*** Opening of Data ***

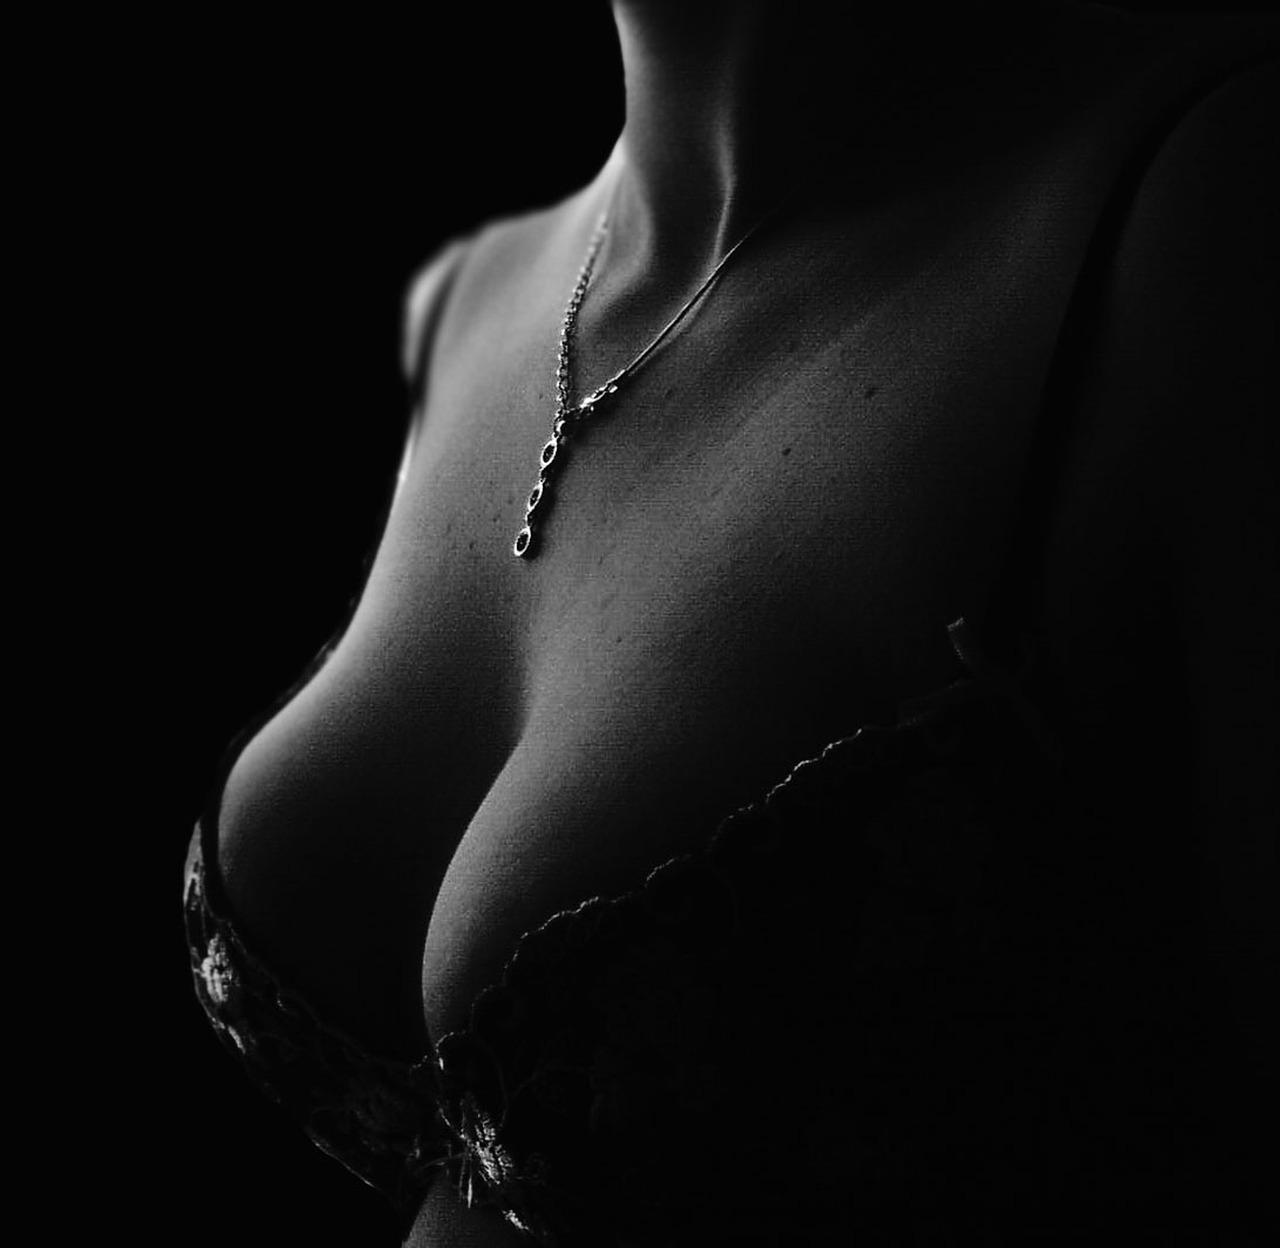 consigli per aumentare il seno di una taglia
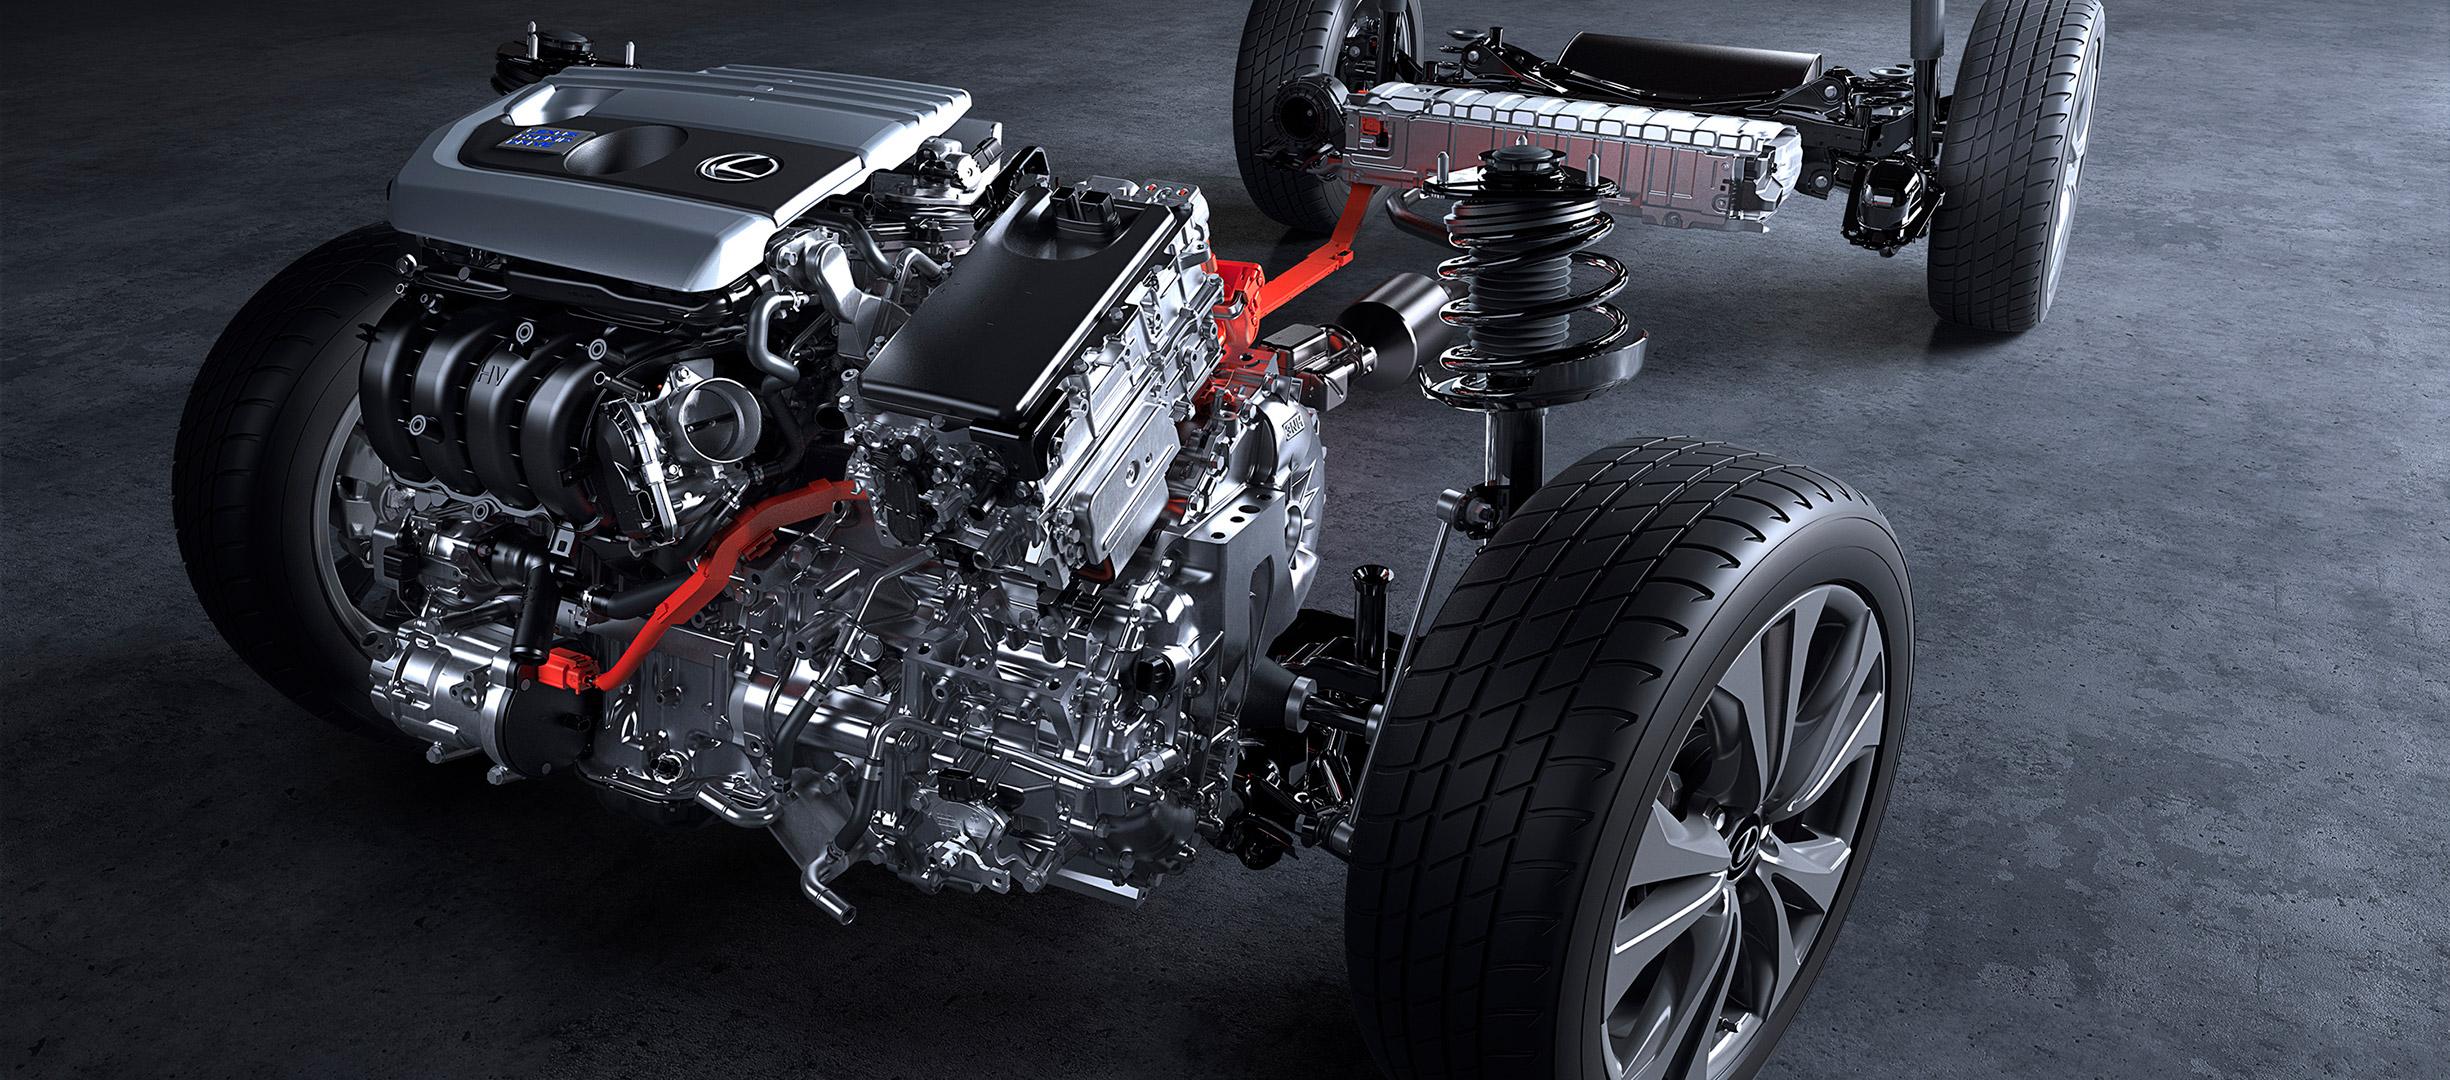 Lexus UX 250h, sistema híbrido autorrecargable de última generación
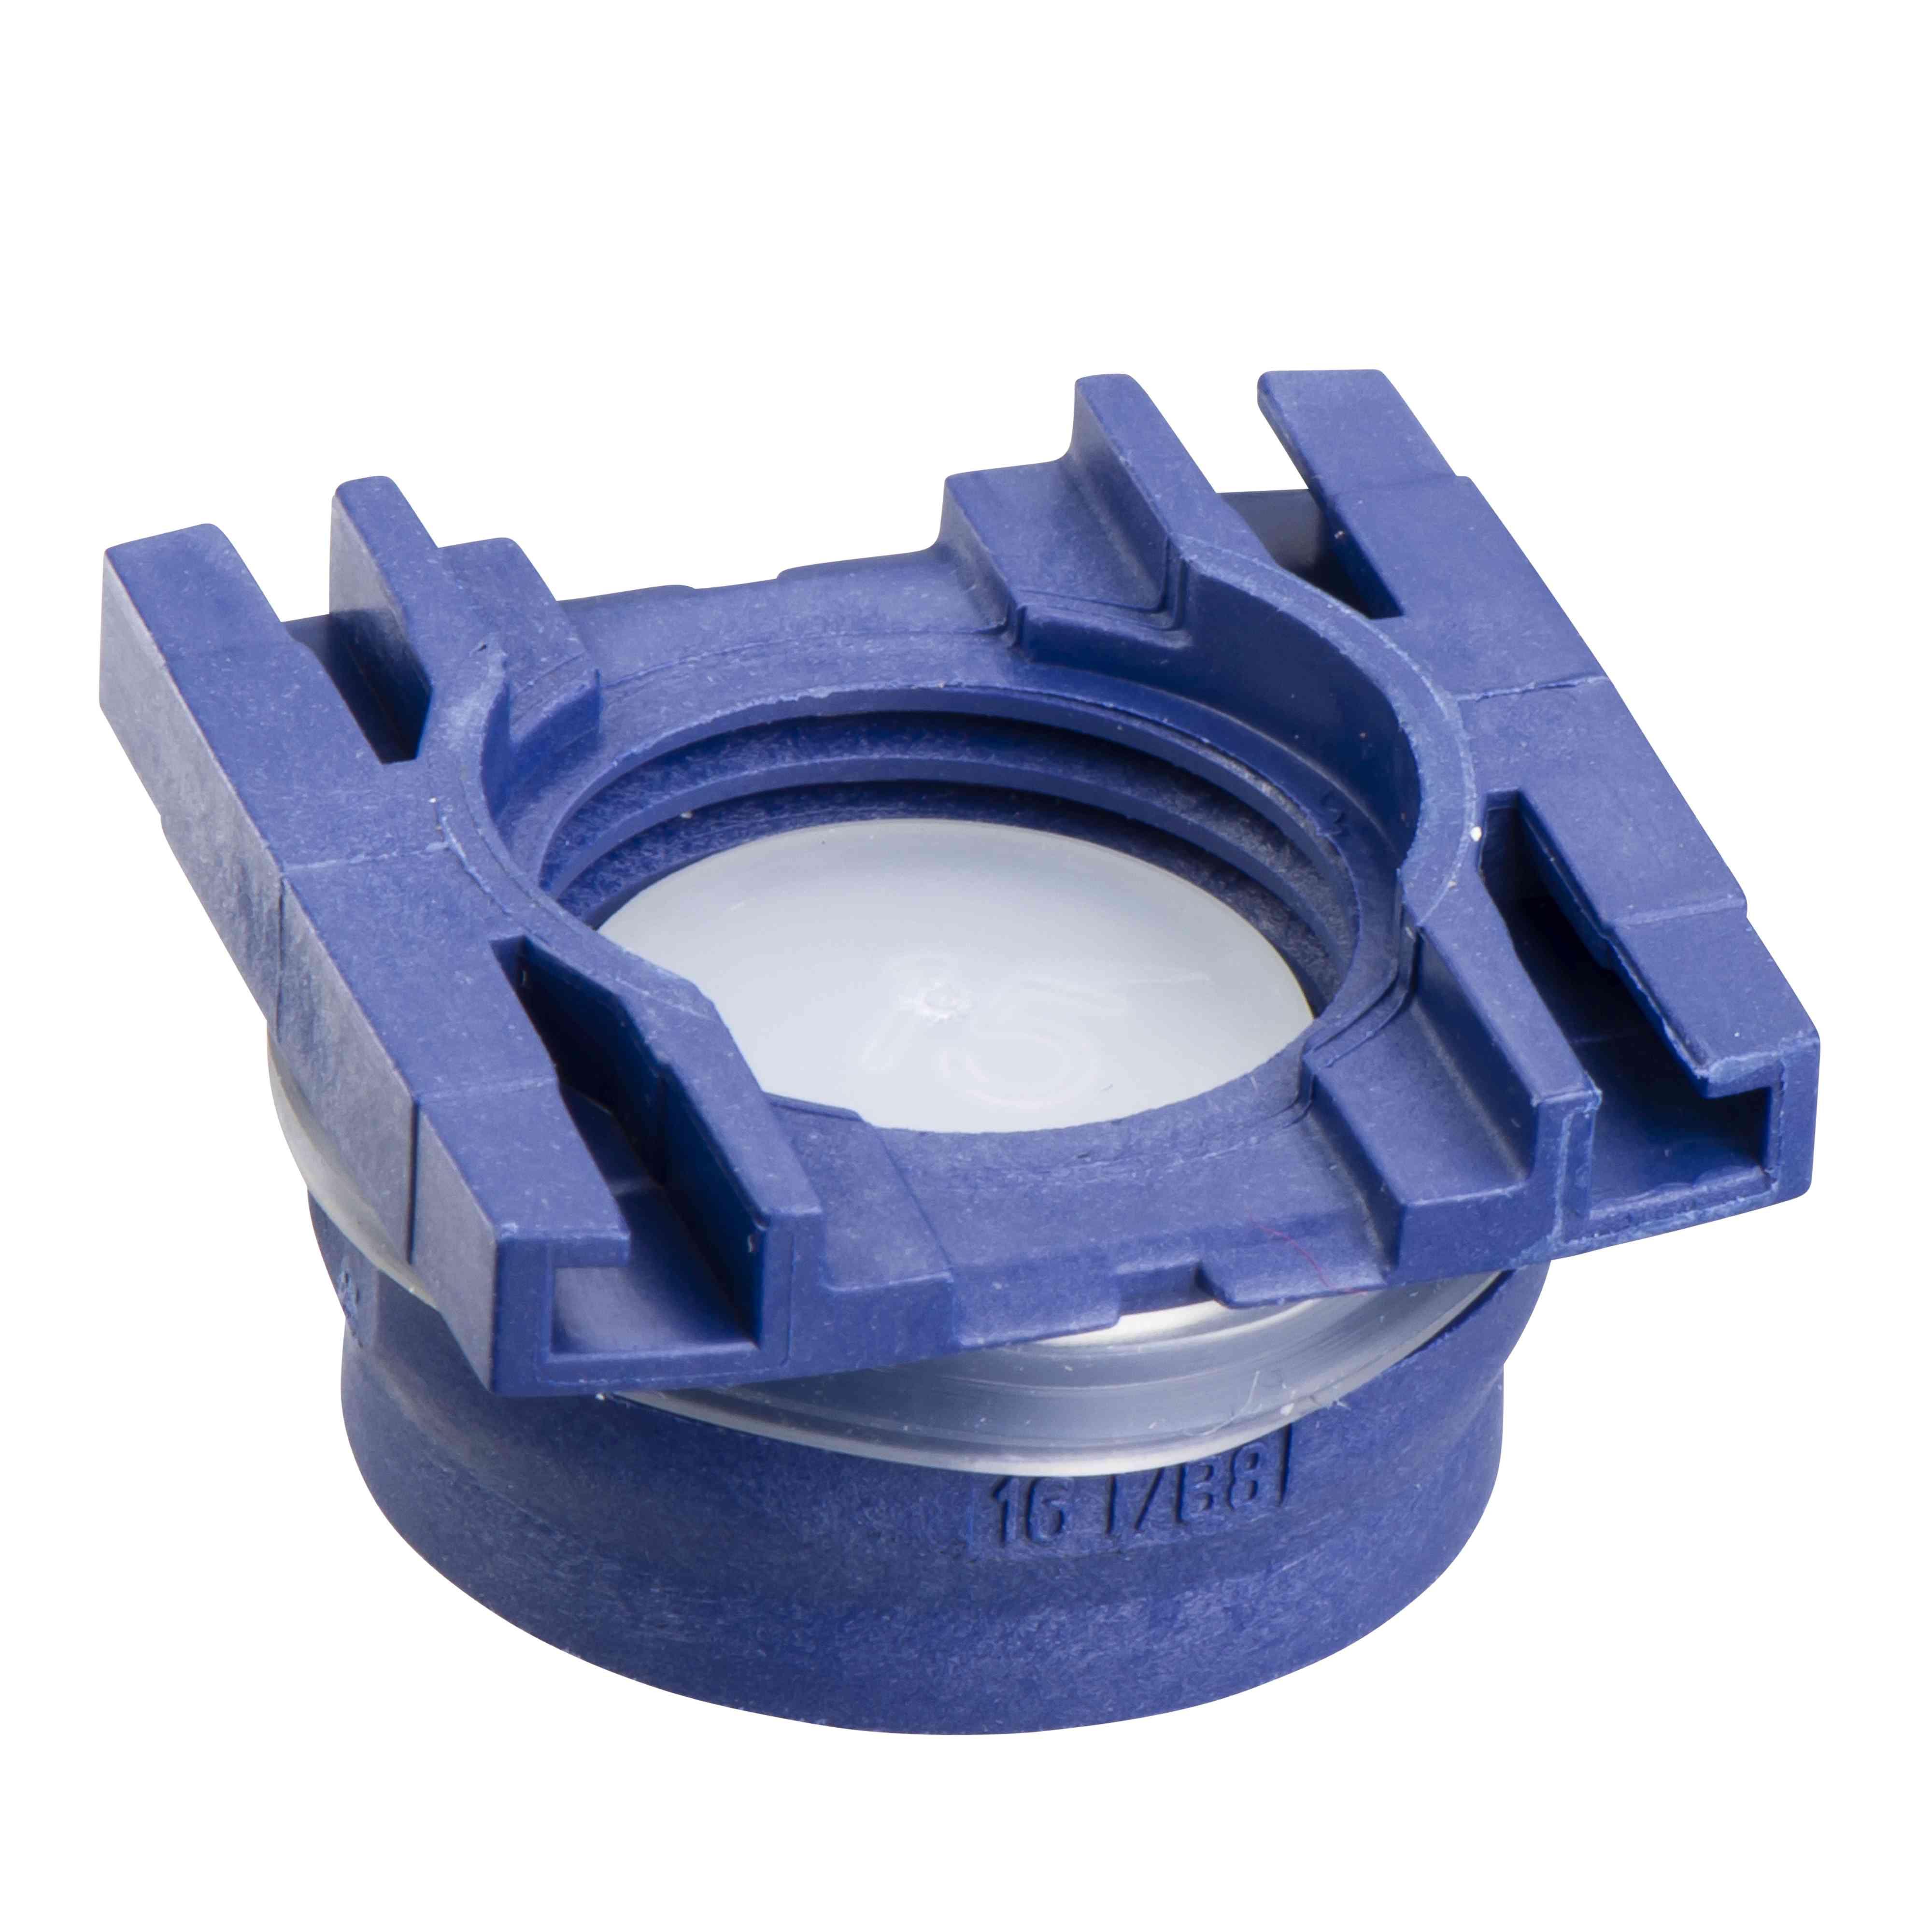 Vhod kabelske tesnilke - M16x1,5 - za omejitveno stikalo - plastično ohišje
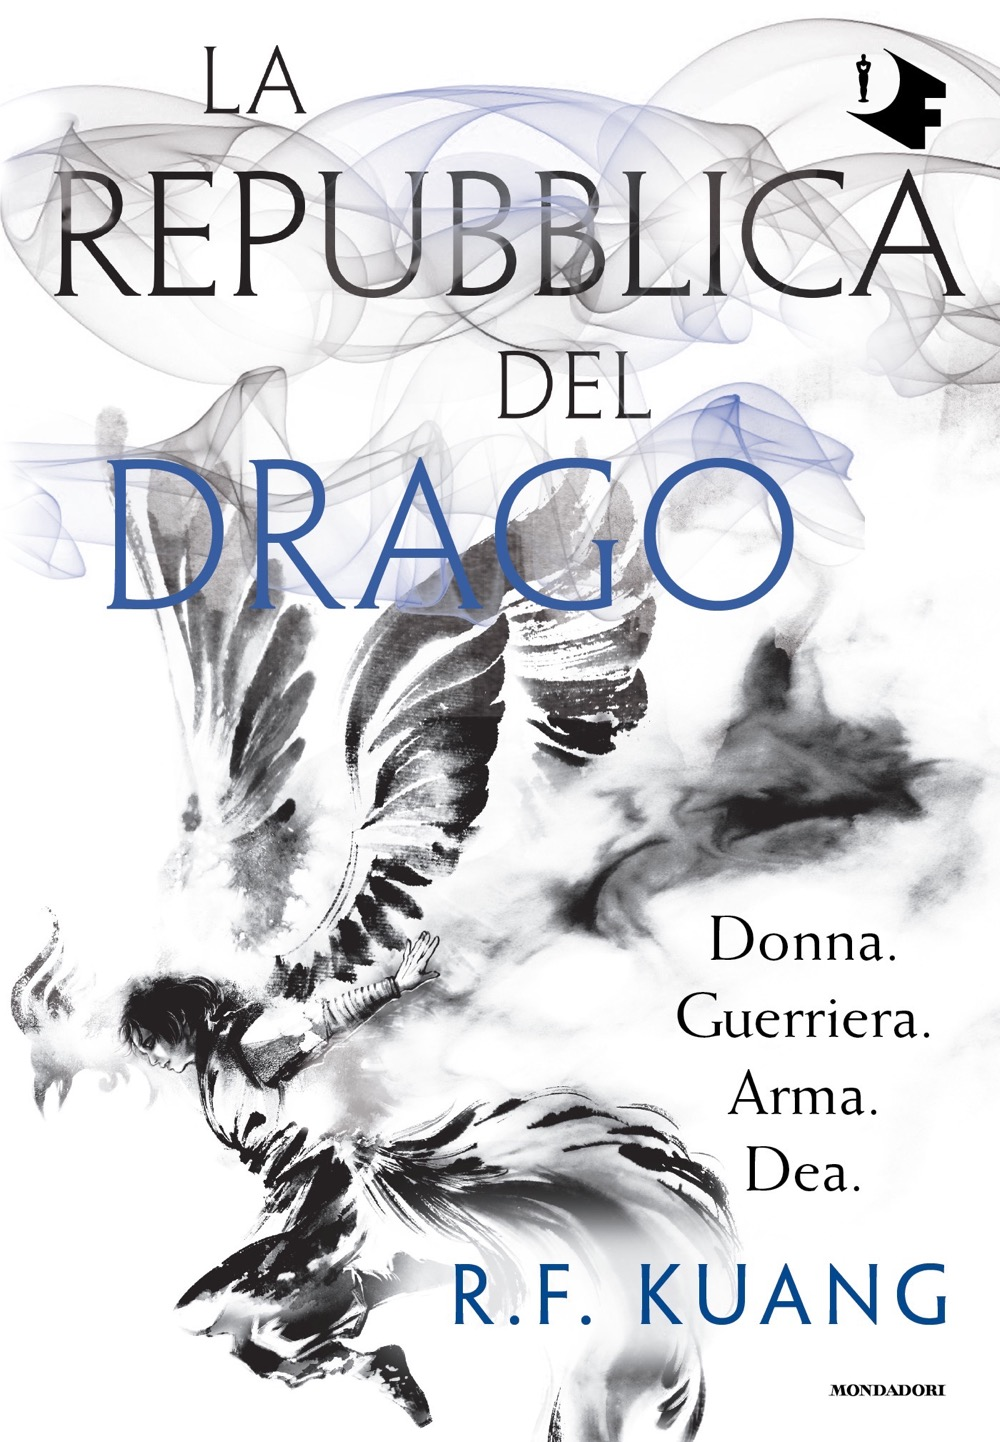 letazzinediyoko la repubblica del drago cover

*** Close of Data ***

Return the material from above in full, exactly as written, with the pictures omitted.

Answer below:
 consigli per aumentare il seno di una taglia
 Lexus UX 250h, sistema híbrido autorrecargable de última generación
 Vhod kabelske tesnilke - M16x1,5 - za omejitveno stikalo - plastično ohišje
 letazzinediyoko la repubblica del drago cover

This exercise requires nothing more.